Saturday, April 16, 2016

Are APS school board members accountable as role models?

As a school board member, Analee Maestas is one of the senior-most role models in the entire APS.

As a role model, she must follow one or the other of only two paths;
1. show students what it looks like to do the right thing; or
2. show students what it looks like to accept responsibility for having failed to do the right thing.

If we really want students to grow into adults who embrace character and courage and honor, someone has to show them what they look like.

Teachers have to show students what character and courage and honor look like; principals have to show teachers, senior administrators have to show principals, the superintendent has to show the senior administrators and,
the school board has to show the superintendent.

If Maestas will not hold herself accountable as a role model,
how can she be expected to participate in the hiring of a superintendent who will?

Are superintendents accountable as role models?
Should they be; should any of them be?

Nobody in the leadership of the APS will admit to honest to God accountability as a role model of student standards of conduct. If that isn’t proof that they aren’t, what is? There is no such thing as inconspicuous role modeling; the concept is oxymoronic.

Are they accountable to the same standards of conduct that they establish and enforce upon students or are they not?  Are the leadership of the APS actually, honestly accountable to any standards of conduct at all?

They are not.

There is an ethics, standards and accountability crisis in the leadership of the APS.

The simple proof of the allegation is their inability to prove that there isn't that crisis.

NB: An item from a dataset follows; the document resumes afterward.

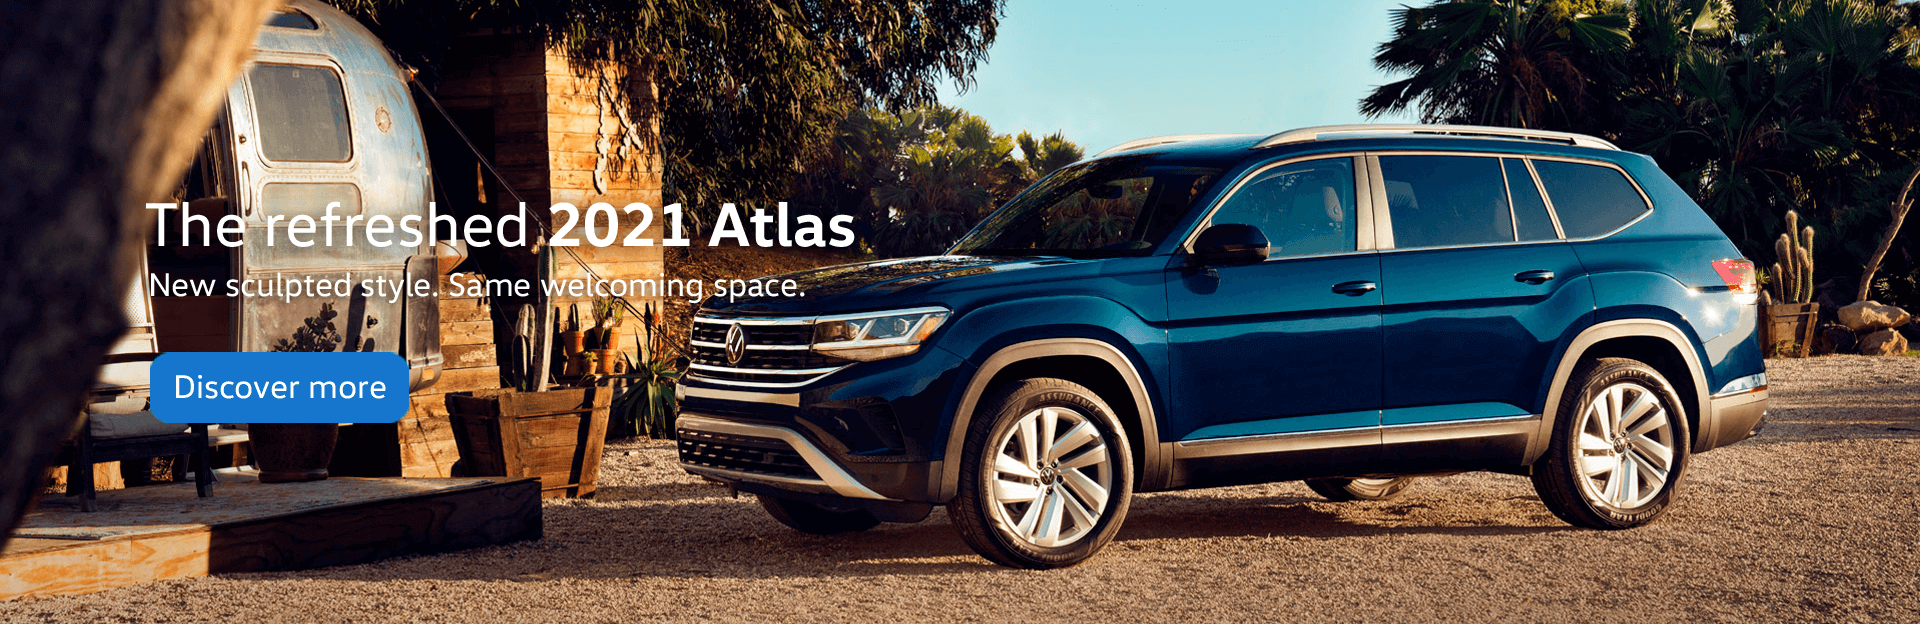 ATLAS-new

If they are honestly accountable to meaningful standards of conduct and competence, they could show you their ethics and standards, and they could show you the mechanism by which they can be held accountable to those standards, even against their will.

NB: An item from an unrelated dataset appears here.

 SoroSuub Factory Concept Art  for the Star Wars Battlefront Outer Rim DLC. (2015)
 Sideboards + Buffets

They truth is, they aren't really accountable even to the law.
They spend hundreds and hundreds of thousands of dollars every year on whatever litigation and legal weaselry they need, in order to "admit no guilt" in settlements of complaints made against them.

If Kent Walz and the Albuquerque Journal weren’t in cahoots in the cover up of the scandal, they would investigate and report upon executive and administrative ethics, standards and accountability in the APS.  The would prove that there isn’t that crisis and that they are not covering it up.

That they won't, is prima facie proof that they are.

That the leadership of the APS actually were accountable to meaningful ethics and standards would be newsworthy;
as newsworthy as the fact that they are not.